Zero-Tolerance Policy
In South America it’s getting dangerous to be publicly prolife these days. Abortion advocates are becoming increasingly vociferous and violent in their insistence that no one has a right to disagree with them. In Brazil and Argentina, where the majority of citizens are at least nominally Catholic, those pushing for the legalization of abortion have turned to intimidation tactics.
In Brazil, three Catholic bishops — Luiz Gonzaga Bergonzini of Guarulhos, Benedito Beni Dos Santos of Lorena, and Nelson Westrupp of Santo André — received anonymous death threats for defending the right to life and for denouncing the pro-abortion position of former Marxist rebel Dilma Rousseff and the Workers Party during the 2010 presidential campaign. (Rousseff won the election, becoming the first woman to be elected president of Brazil.) In 2007 Rousseff called for the legalization of abortion, and her liberal, anti-Catholic views are well documented.
Down in Argentina, where feminist Cristina Fernández de Kirchner is the nation’s second female president, violent attacks by pro-abortion feminists at the National Women’s Conference (NWC) in October left fifty women injured and one hospitalized. Argentina’s NWC is an annual meeting of women who support abortion-on-demand, same-sex marriage, and free access to birth control, including abortifacients. Dr. Roberto Castellano, president of Pro-Life, a nongovernmental organization, told Catholic News Agency (CNA; Oct. 27) that during the conference the feminists engaged in threats and the destruction of business and public property. Prolife women who attended the event were physically attacked and forced to leave. He also pointed out that their actions were ignored by the vast majority of local and national news media.

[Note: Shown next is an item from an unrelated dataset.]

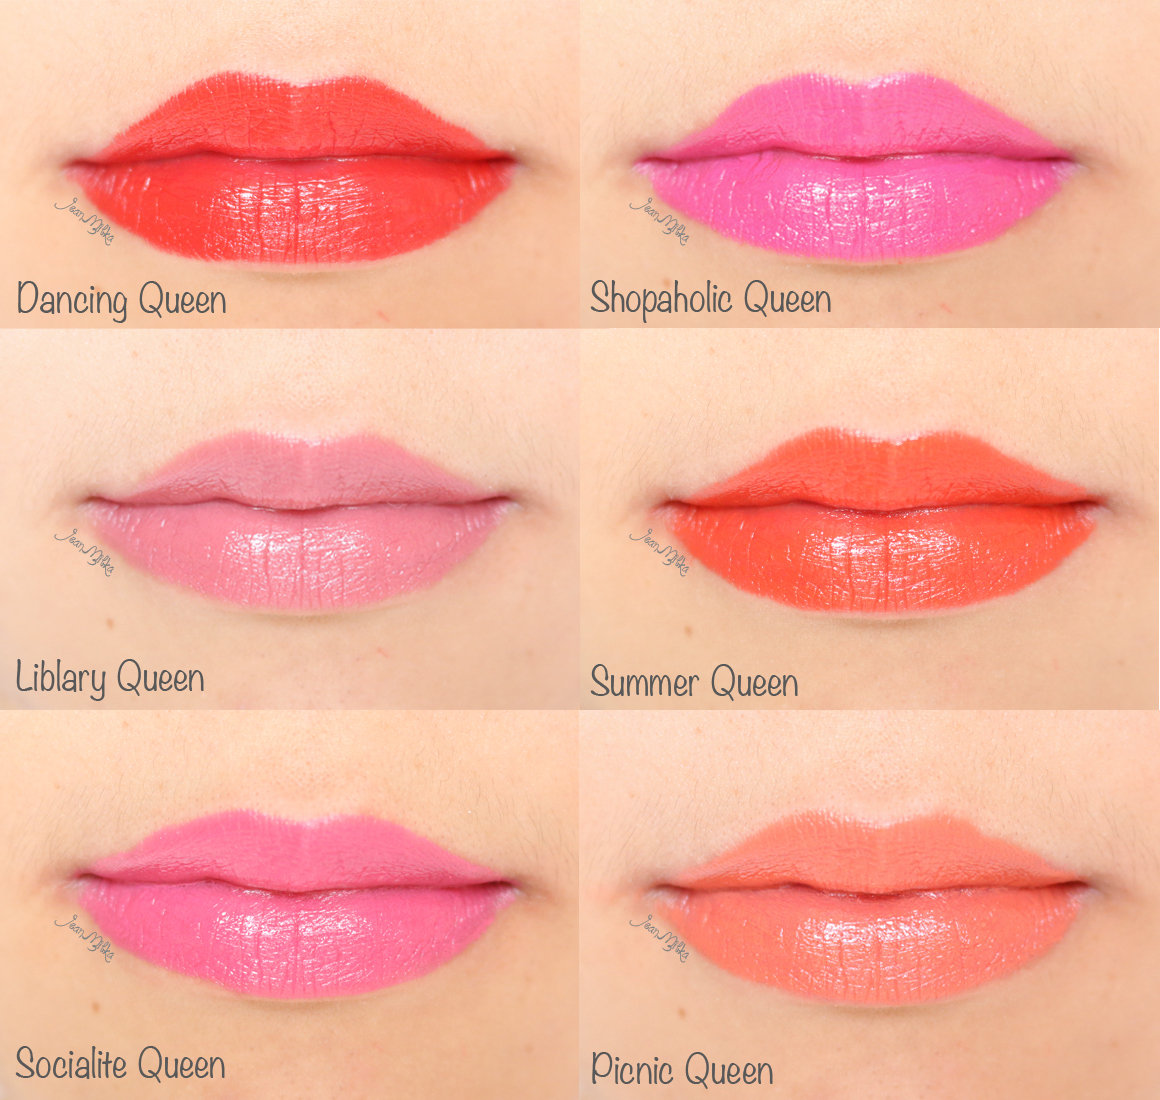 emina, emina cosmetics, makeup, my favourite things lip colour balm, review, swatch, emina balm, emina my favourite things, colour balm, drugstore, makeup murah
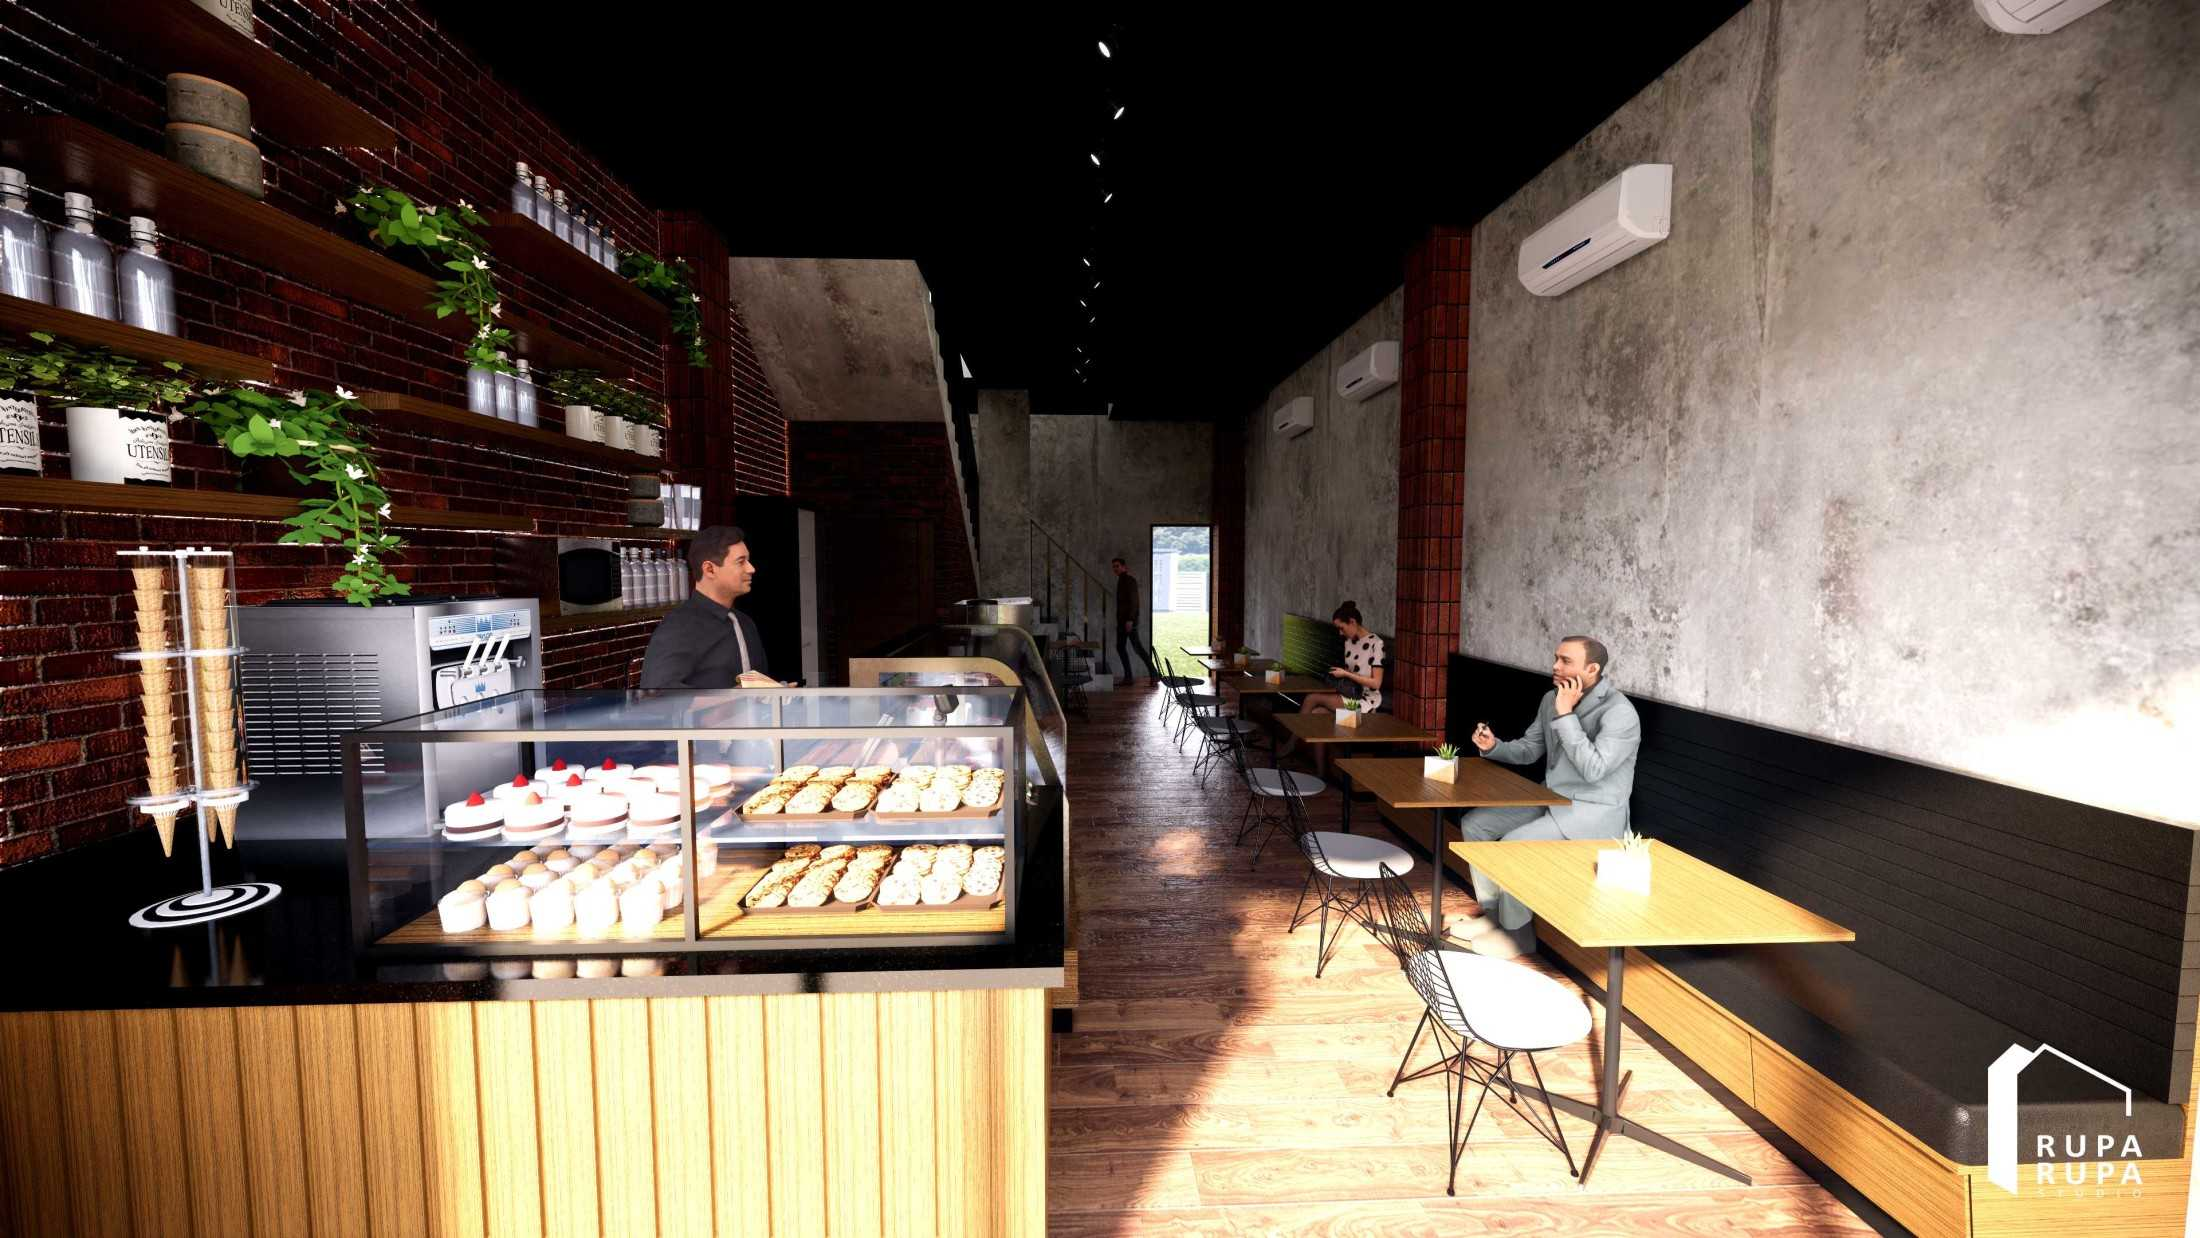 Studio Rupa Rupa Drupadi Corner Cafe Bali, Indonesia Bali, Indonesia Studio-Rupa-Rupa-Drupadi-Corner-Cafe  88066

The November edition of the Argentinean Catholic magazine Familia y Vida (Family & Life) was the only media outlet to provide any substantial coverage of the affair. According to a translation by CNA (Oct. 29), the Spanish-language magazine detailed “how pro-abortion groups sought to expel women who were identified as Catholics from a workshop in which the issue of abortion was debated, to keep them from voicing their opinions.”